Hadoop On Demand: Configuration Guide

Dr. Chuck Cartledge. 11 Feb. 2015

exam. Microsoft Perform Data Engineering on Microsoft Azure HDInsight. Version 1.0

Automation of Rolling Upgrade for Hadoop Cluster without Data Loss and Job Failures. Hiroshi Yamaguchi & Hiroyuki Adachi

An Adaptive Scheduling Technique for Improving the Efficiency of Hadoop

Evaluation of Apache Hadoop for parallel data analysis with ROOT

Introduction to HDFS and MapReduce

Transcription:

Cloudera CCA-410 Cloudera Certified Administrator for Apache Hadoop (CCAH) Download Full Version : http://killexams.com/pass4sure/exam-detail/cca-410

Reference: CONFIGURATION PARAMETERS DFS.BLOCK.SIZE QUESTION: 91 Which daemons instantiates JVM s to perform mapreduce processing in a cluster running mapreduce v1 (MRv1)? A. Nodemanager B. applicationmanager C. Applicationmaster D. Tasktracker E. Jobtracker F. Datanode G. Namenode H. Resourcemanager Answer: D A TaskTracker is a slave node daemon in the cluster that accepts tasks (Map, Reduce and Shuffle operations) from a JobTracker. There is only One Task Tracker process run on any hadoop slave node. Task Tracker runs on its own JVM process. Every TaskTracker is configured with a set of slots, these indicate the number of tasks that it can accept. The TaskTracker starts a separate JVM processes to do the actual work (called as Task Instance) this is to ensure that process failure does not take down the task tracker. QUESTION: 92 You set mapred.tasktracker.reduce.tasks.maximum to a value of 4 on a cluster running mapreduce v1 (MRv1). How many reducers will run for any given job? A. Maximum of 4 reducers, but the actual number of reducers that run for any given job is based on the volume of input data B. a maximum of 4 reducer s, but the actual number of reducer s that run for any given job is based on the volume intermediate data. C. Four reducer s will run. Once set by the cluster administrator, this parameter can t be overridden D. The number of reducer s for any given job is set by the developer

Answer: B mapred.tasktracker.reduce.tasks.maximum The maximum number of reduce tasks that will be run simultaneously by a task tracker. A reducer uses intermediate data as input. Note: * The mapper output (intermediate data) is stored on the Local file system (NOT HDFS) of each individual mapper nodes. * Reducers start copying intermediate key-value pairs from the mappers as soon as they are available. The progress calculation also takes in account the processing of data transfer which is done by reduce process, therefore the reduce progress starts showing up as soon as any intermediate key-value pair for a mapper is available to be transferred to reducer. QUESTION: 93 You configure your hadoop development cluster with both mapreduce frameworks, mapreducev1 (MRv1) and mapreduce v2 (MRv2/YARN). You plan to run only one set of mapreduce daemons at a time in this development environment (running both simultaneously results in an unsuitable cluster but configure in both moving between them is fine). Which two mapreduce (capitation) daemons do you need to configure to run on your masternodes? A. Containermanager B. Nodemanager C. Journalnode D. Applicationmaster E. Resourcemanager F. Jobtracker Answer: E, F Jobtracker for mapreduce V1 (MRv1) and ResourceManager for mapreduce v2 (MRv2/YARN). * Configure YARN daemons If you have decided to run YARN, you must configure the following services: ResourceManager (on a dedicated host) and NodeManager (on every host where you plan to run MapReduce v2 jobs).
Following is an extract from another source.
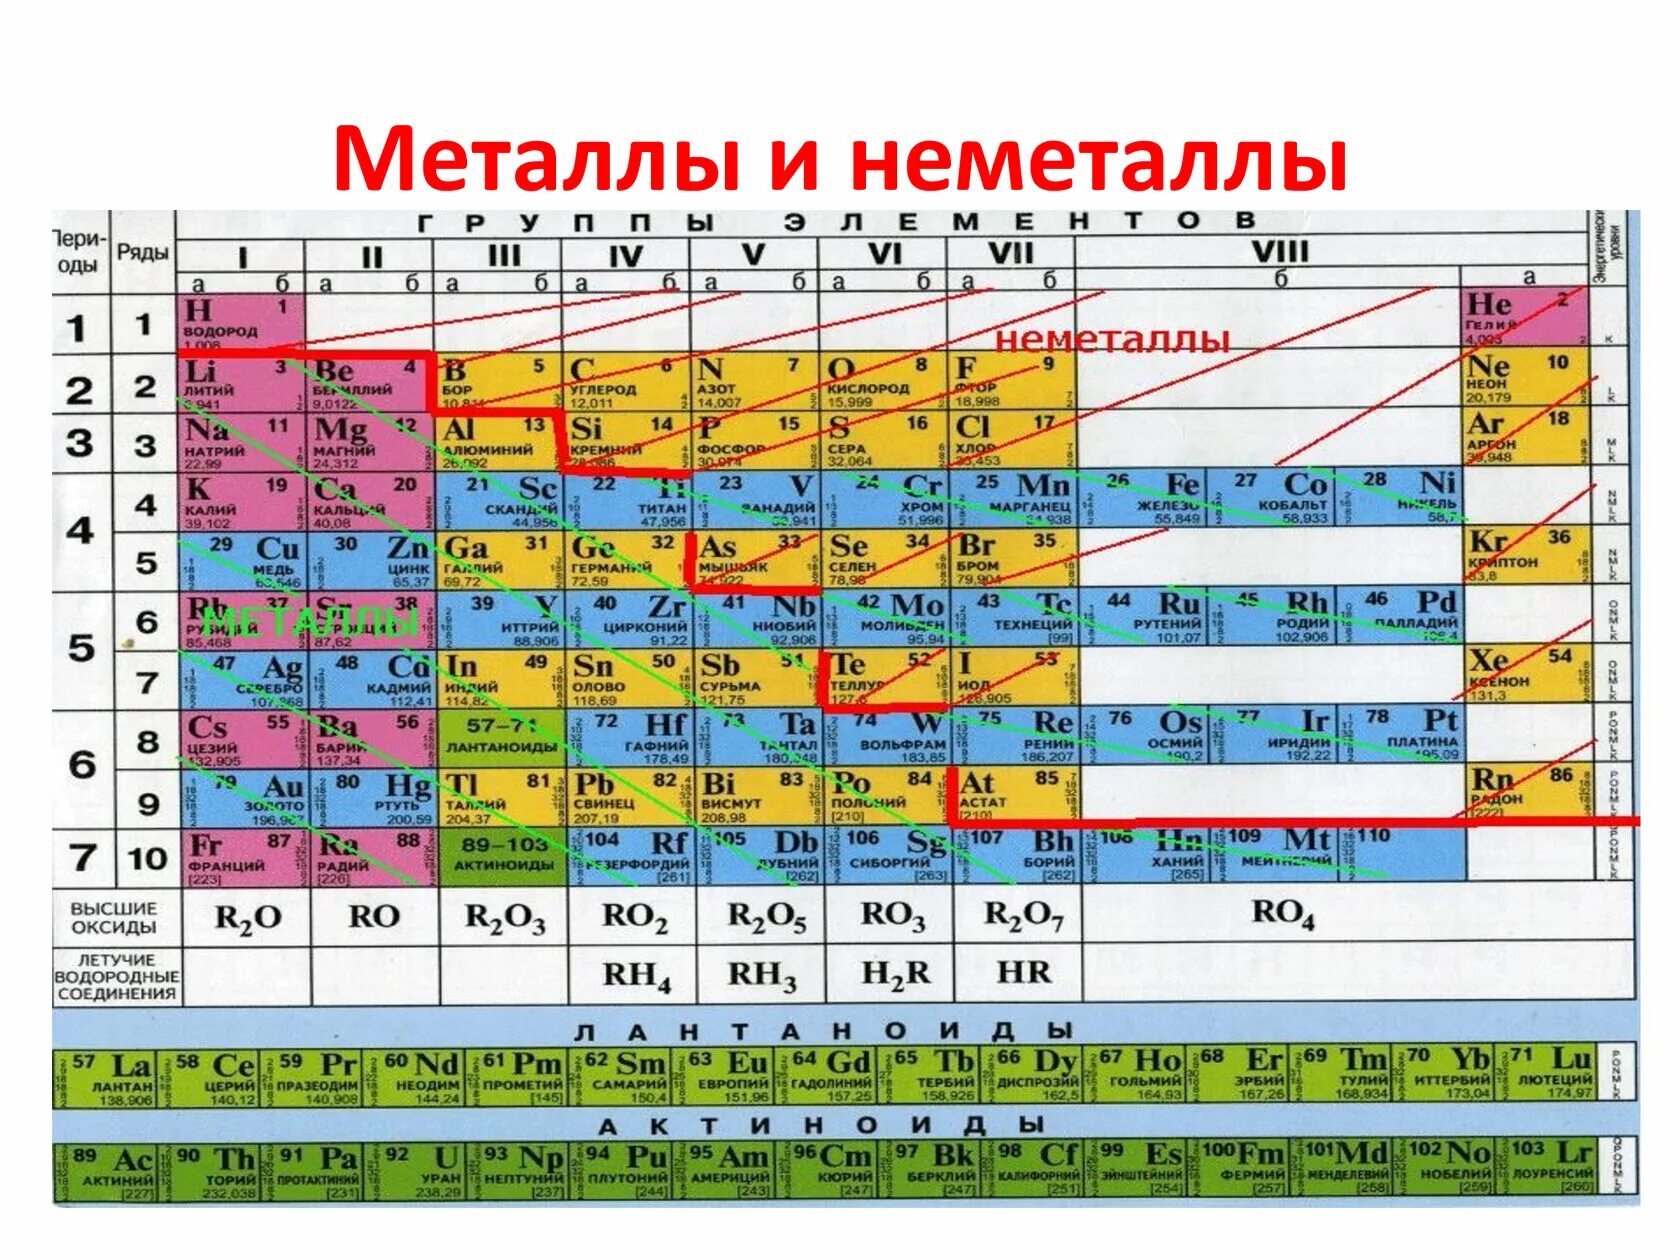 Атомная масса марганца. Таблица Менделеева металлы и неметаллы. Химия металлы и неметаллы таблица. Химические элементы металлы и неметаллы. Таблица элементов Менделеева металлы и неметаллы.
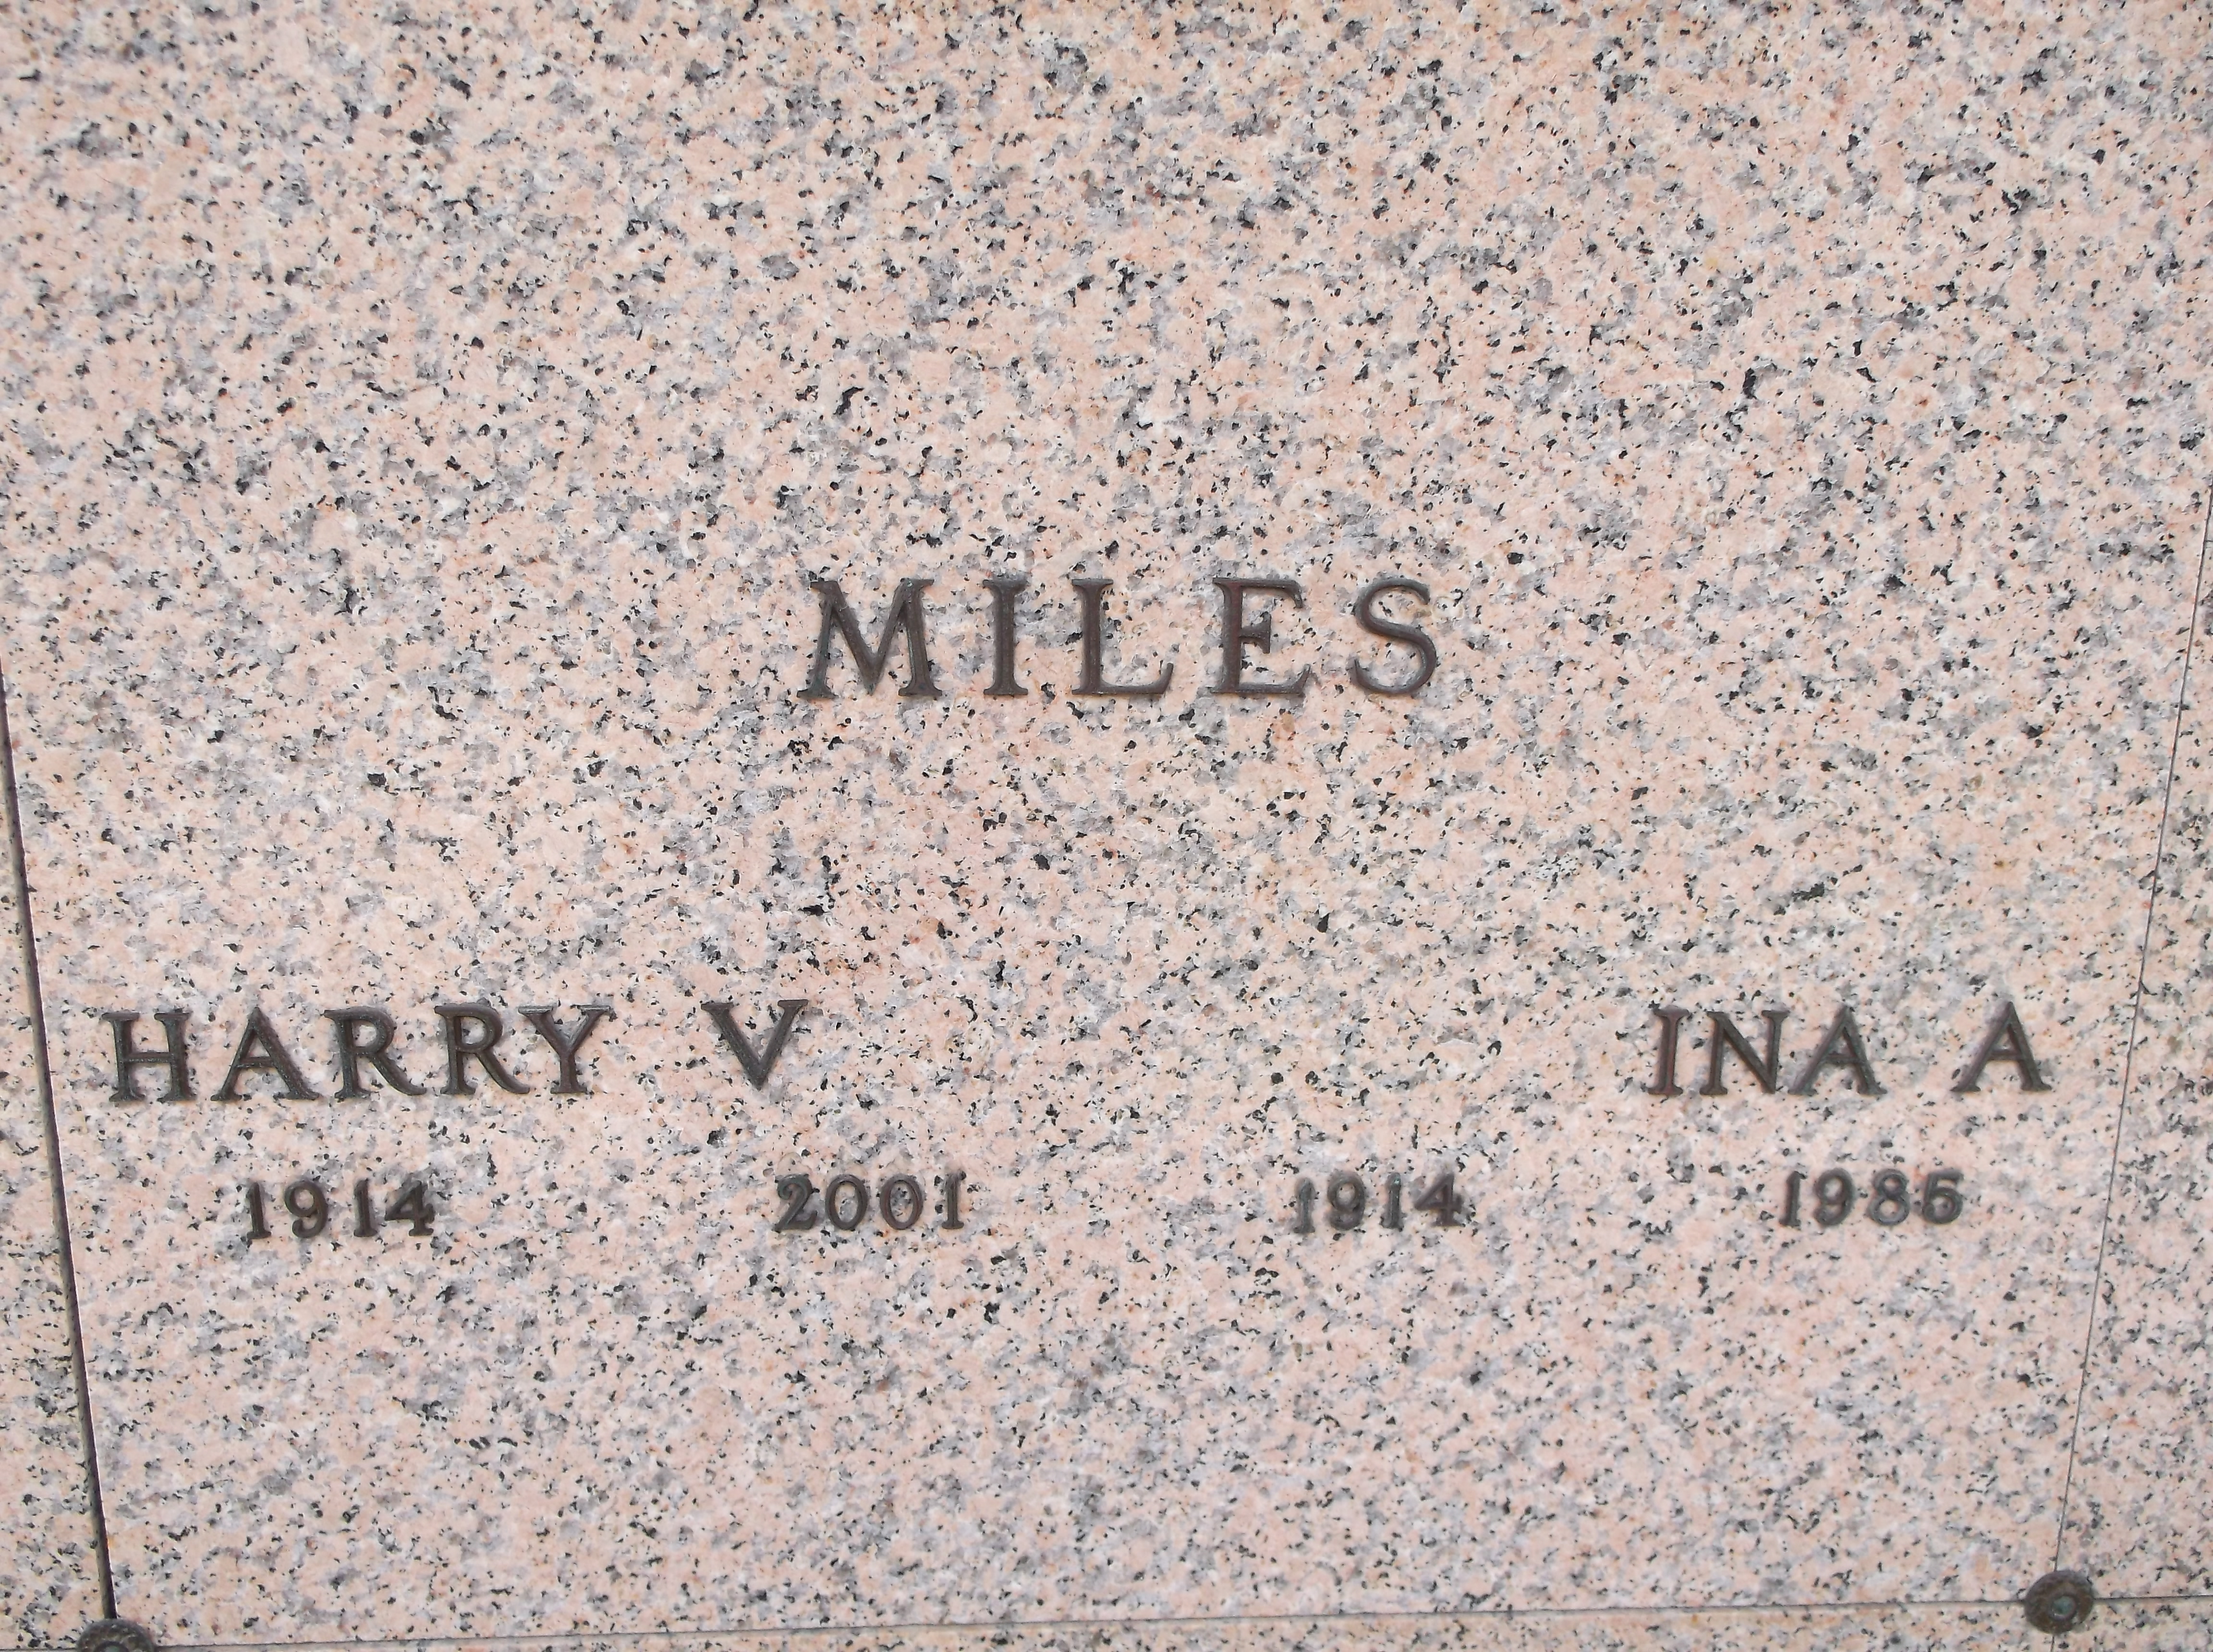 Harry V Miles

* JobTracker is the daemon service for submitting and tracking MapReduce V1 (MRv1) jobs in Hadoop. Note: * Make sure you are not trying to run MRv1 and YARN on the same set of nodes at the same time. This is not supported; it will degrade performance and may result in an unstable cluster deployment. * MapReduce has undergone a complete overhaul and CDH4 now includes MapReduce 2.0 (MRv2). The fundamental idea of MRv2's YARN architecture is to split up the two primary responsibilities of the JobTracker resource management and job scheduling/monitoring into separate daemons: a global ResourceManager (RM) and per-application ApplicationMasters (AM). Incorrect: Not C: JournalNode is for Quorum implementation. QUESTION: 94 Using hadoop s default settings, how much data will be able to store on your hadoop cluster if it is has 12 nodes with 4TB raw diskspace per node allocated to HDFS storage? A. Approximately 3TB B. Approximately 12TB C. Approximately 16TB D. Approximately 48TB Answer: C Default replication value is 3. The following amount of data can be stored: 12 x 4 /3 = 16 TB QUESTION: 95 When requesting a file, how does HDFS retrieves the blocks associated with that file? A. the client polls the datanodes for the block ID s B. the namenode requires the datanode for the block ID s C. The namenode reads the block ID s from memory D. the namenode reads the block ID s from disk

Answer: D Here is how a client RPC request to the Hadoop HDFS NameNode flows through the NameNode. The Hadoop NameNode receives requests from HDFS clients in the form of Hadoop RPC requests over a TCP connection. Typical client requests include mkdir, getblocklocations, create file, etc. Remember HDFS separates metadata from actual file data, and that the NameNode is the metadata server. Hence, these requests are pure metadata requests no data transfer is involved. QUESTION: 96 What four functions do scheduling algorithms perform on hadoop cluster? A. Run jobs at periodic times of the day B. Reduce the job latencies in environment with multiple jobs of different sizes C. Allow multiple users to share clusters in a predictable policy-guided manner D. support the implementation of service-level agreements for multiple cluster users E. allow short jobs to complete even when large, long jobs (consuming a lot of resources are running) F. Reduce the total amount of computation necessary to complete a job. G. Ensure data locality by ordering map tasks so that they run on data local maps slots Answer: A, B, E, F Hadoop schedulers Since the pluggable scheduler was implemented, several scheduler algorithms have been developed for it. / FIFO scheduler The original scheduling algorithm that was integrated within the JobTracker was called FIFO. In FIFO scheduling, a JobTracker pulled jobs from a work queue, oldest job first. This schedule had no concept of the priority or size of the job, but the approach was simple to implement and efficient. / Fair scheduler The core idea behind the fair share scheduler was to assign resources to jobs such that on average over time, each job gets an equal share of the available resources. The result is that jobs that require less time are able to access the CPU and finish intermixed with the execution of jobs that require more time to execute. This behavior allows for some interactivity among Hadoop jobs and permits greater responsiveness of the Hadoop cluster to the variety of job types submitted. The fair scheduler was developed by Facebook. / Capacity scheduler The capacity scheduler shares some of the principles of the fair scheduler but has distinct differences, too. First, capacity scheduling was defined for large clusters, which may have multiple, independent consumers and target applications.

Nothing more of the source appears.